**EXERCISE INSTRUCTIONS:** An exact retyping of all lines below is the answer; pictures do not belong in it.

**DATA EXTRACT:**
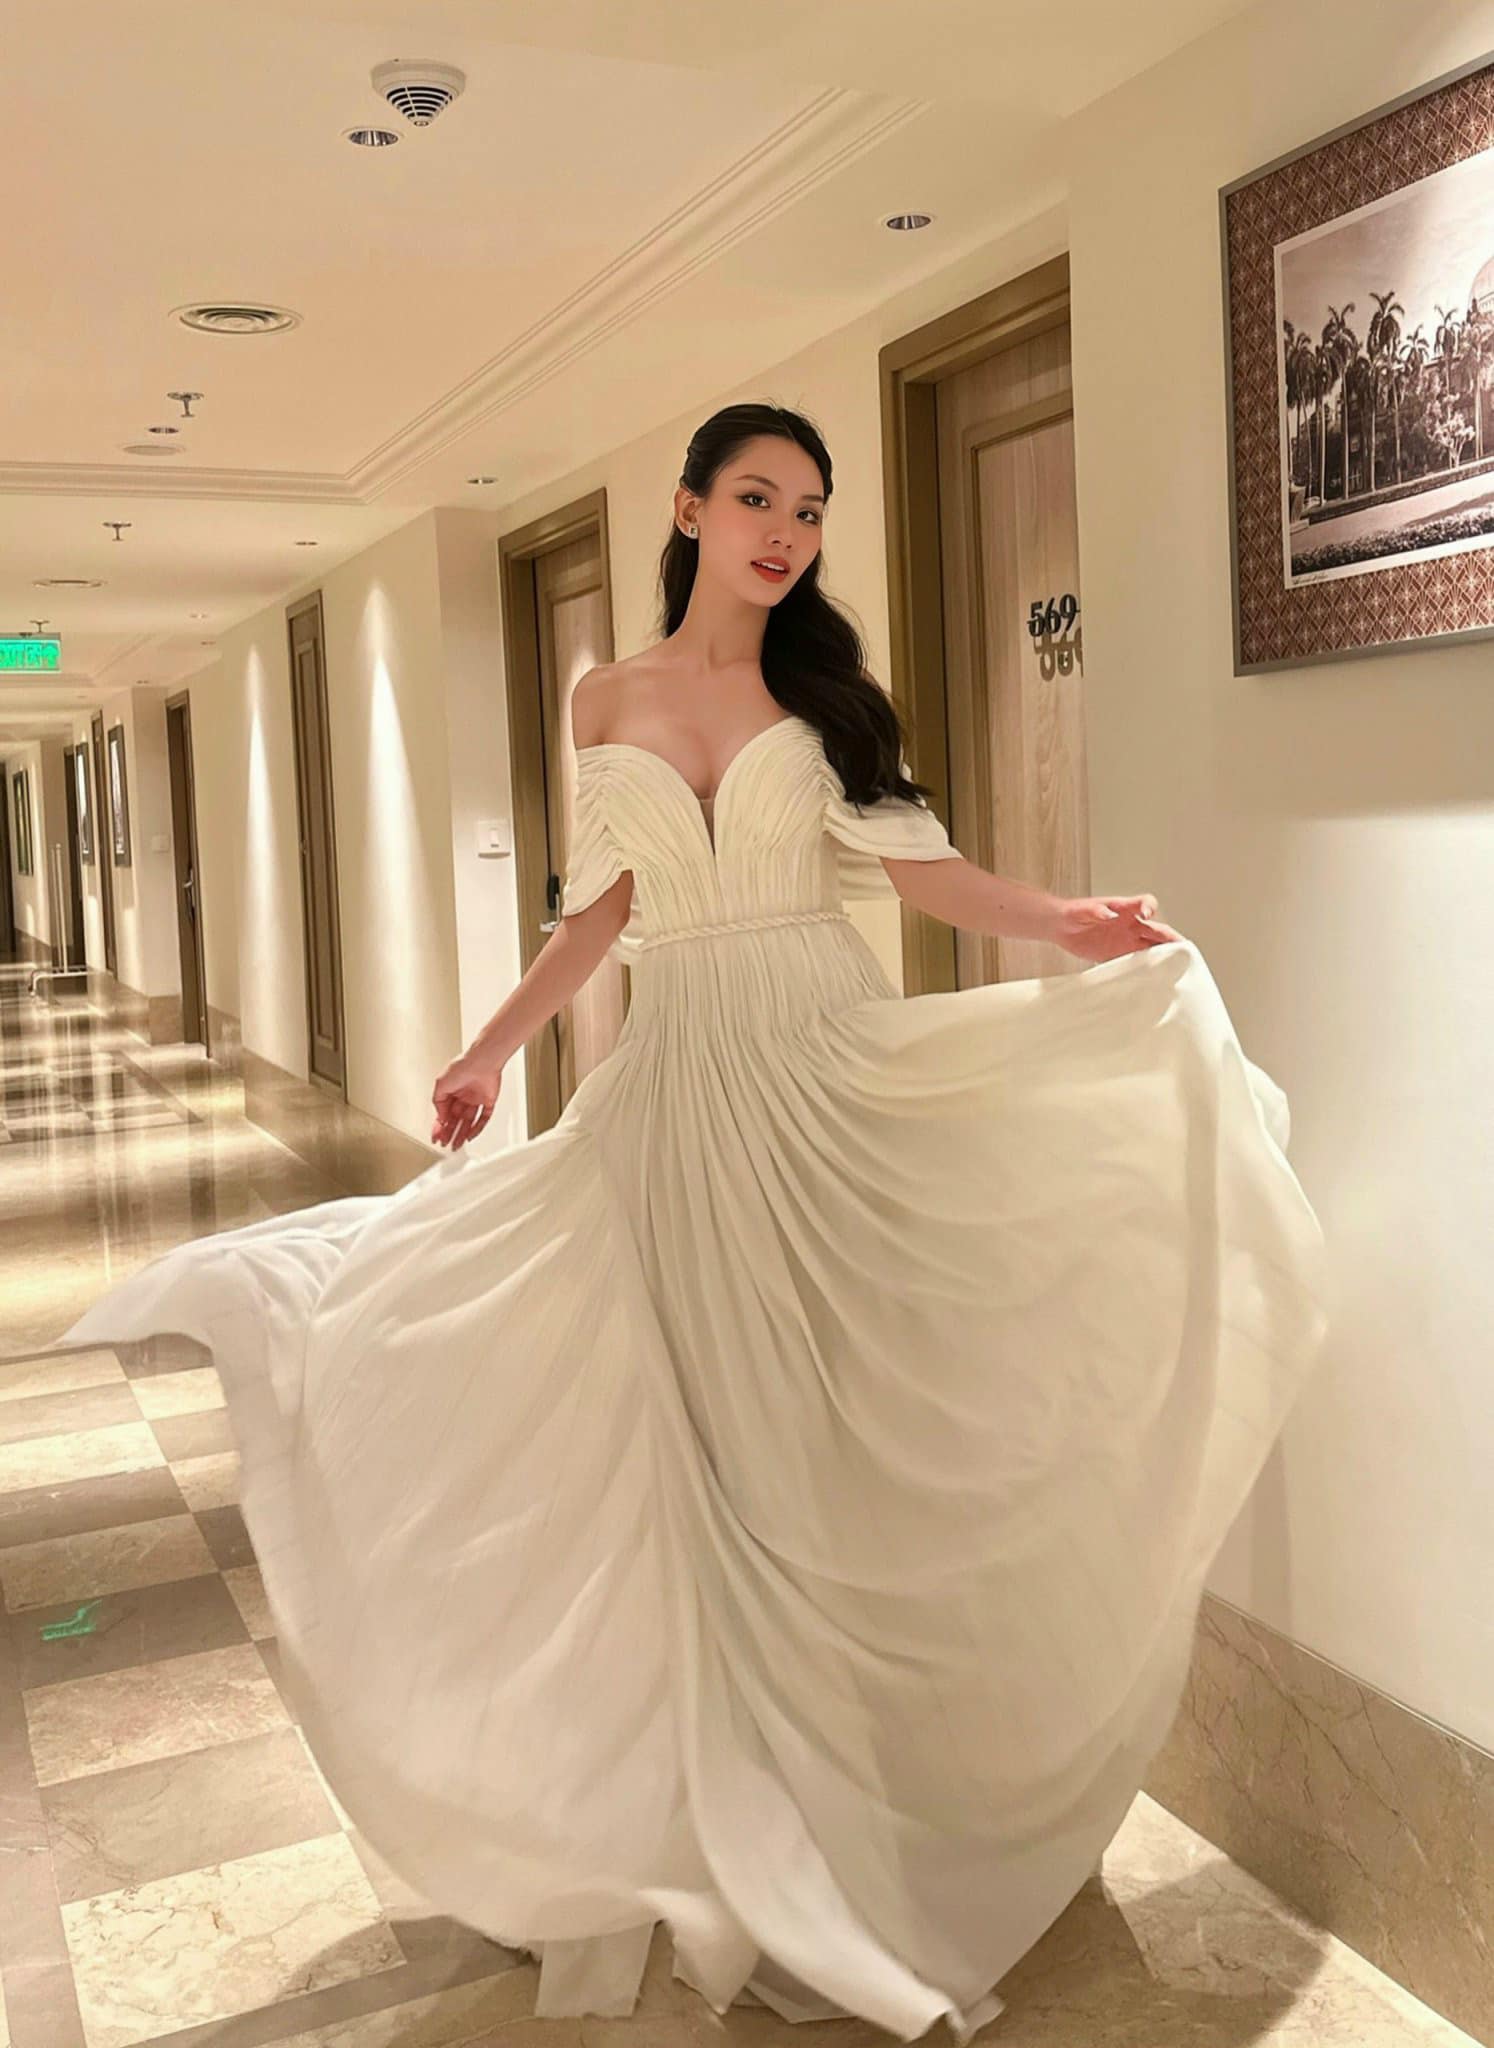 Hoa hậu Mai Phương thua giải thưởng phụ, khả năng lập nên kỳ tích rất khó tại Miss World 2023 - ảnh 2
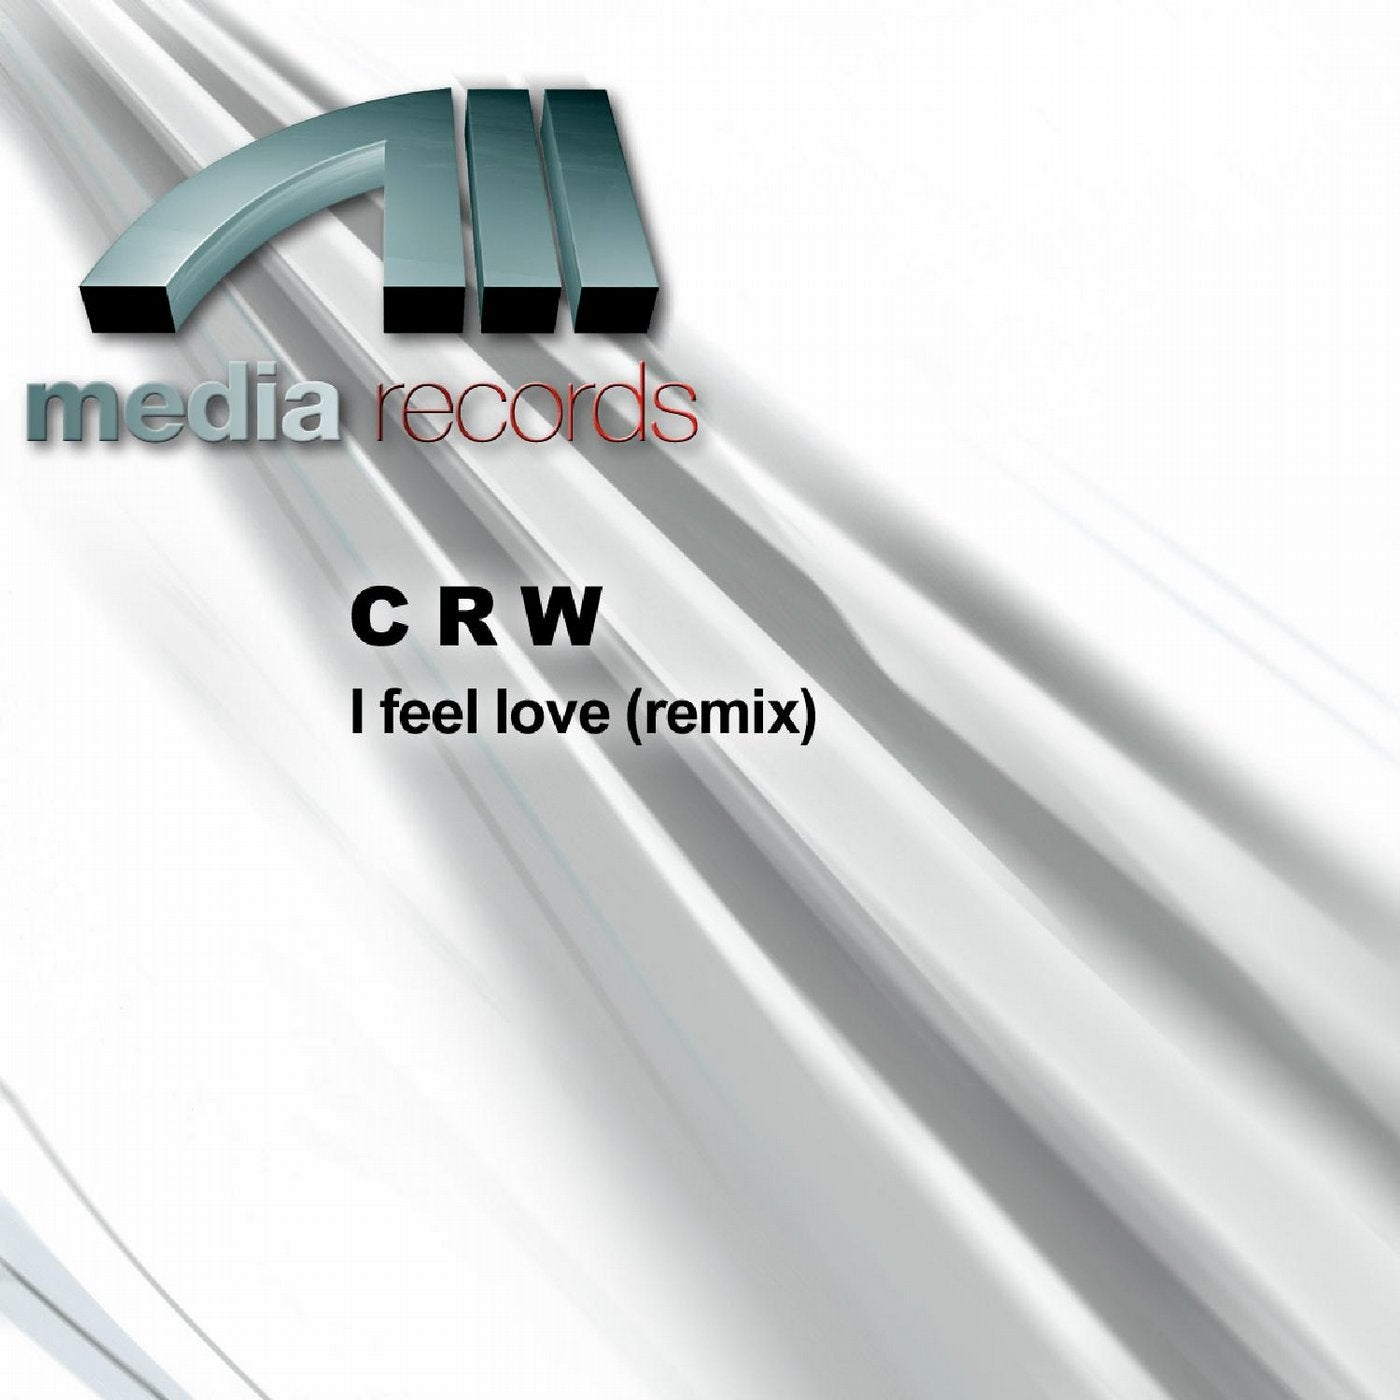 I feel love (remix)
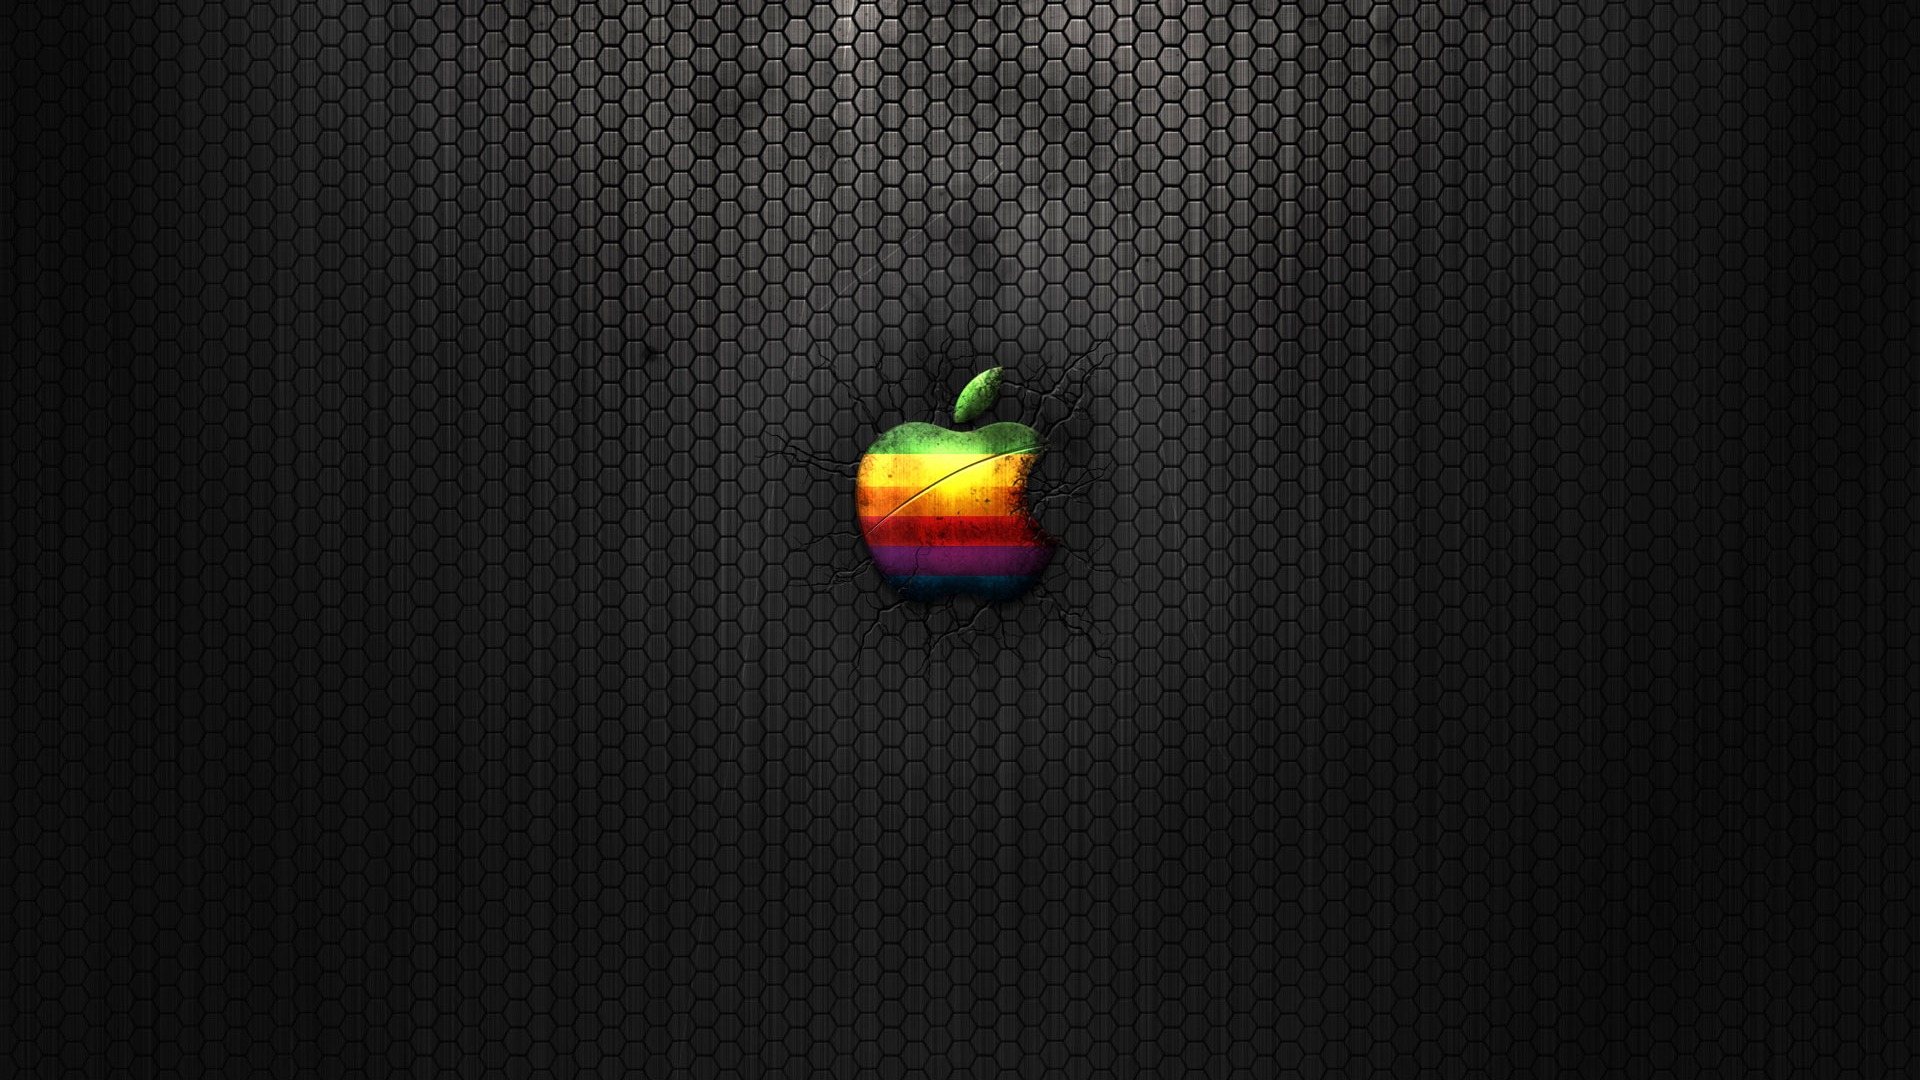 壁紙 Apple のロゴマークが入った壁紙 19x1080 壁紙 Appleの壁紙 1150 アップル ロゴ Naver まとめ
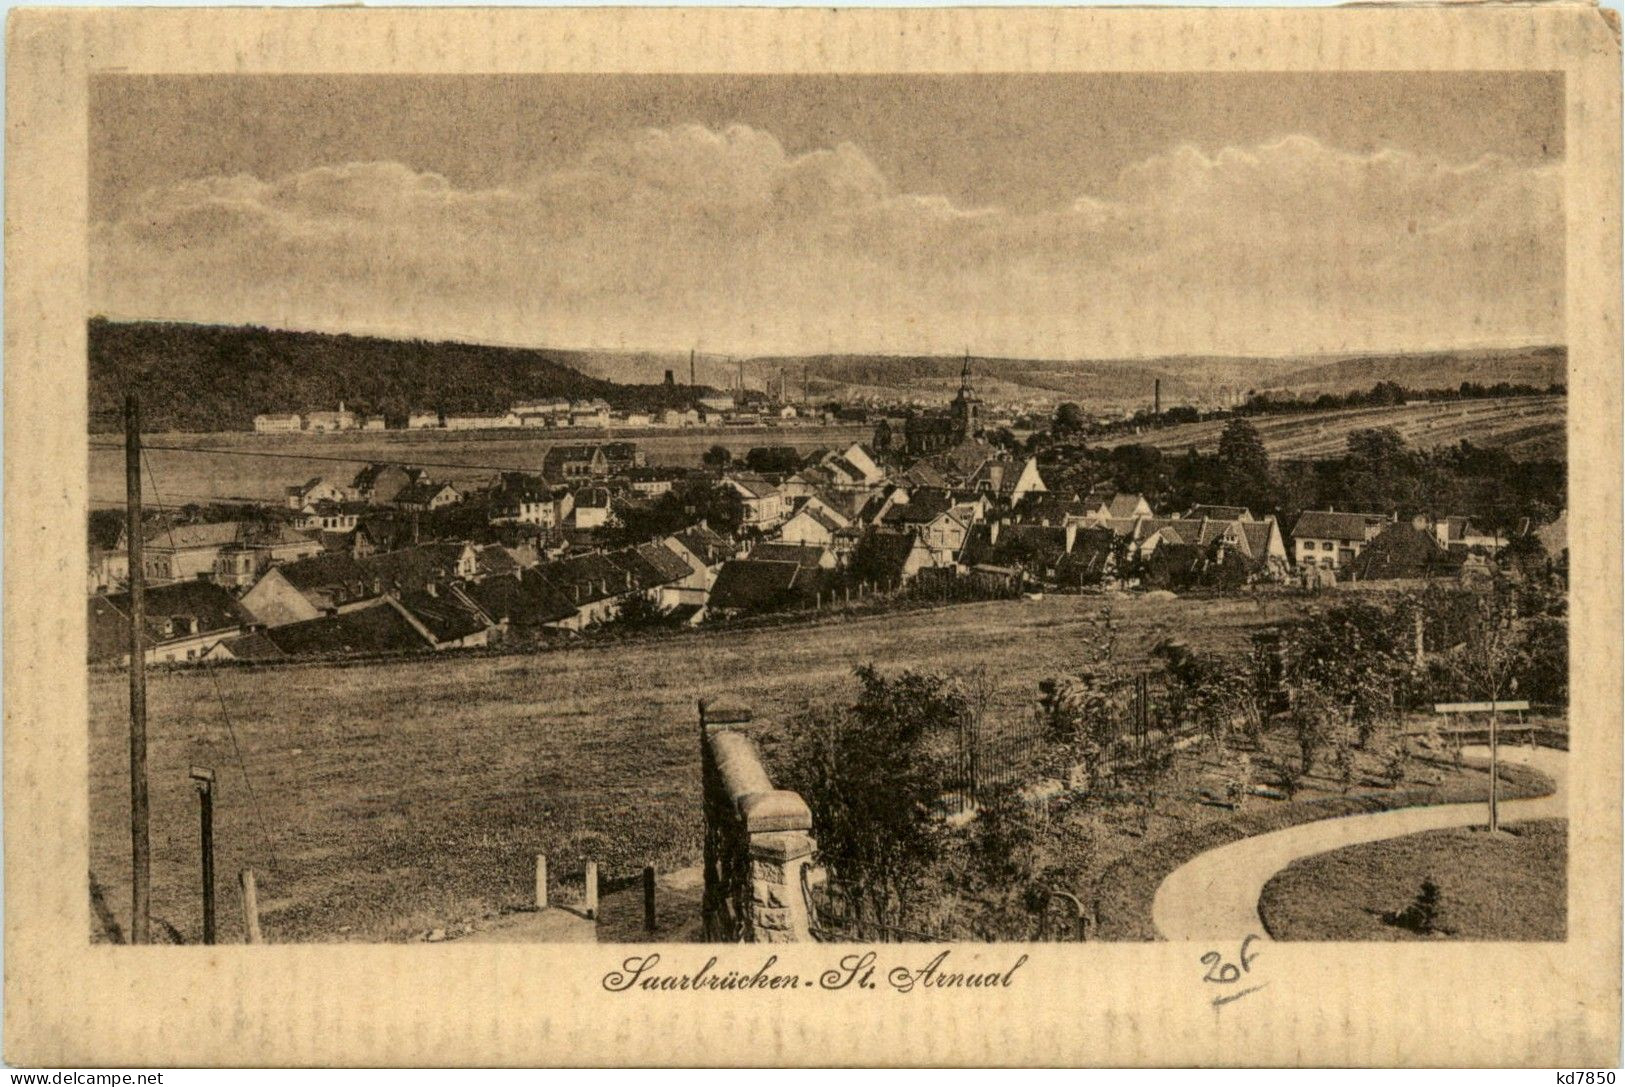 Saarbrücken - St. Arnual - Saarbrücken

**RESPONSE AREA:**
 Hoa hậu Mai Phương thua giải thưởng phụ, khả năng lập nên kỳ tích rất khó tại Miss World 2023 - ảnh 2
 I feel love (remix)
 壁紙 Apple のロゴマークが入った壁紙 19x1080 壁紙 Appleの壁紙 1150 アップル ロゴ Naver まとめ
 Saarbrücken - St. Arnual - Saarbrücken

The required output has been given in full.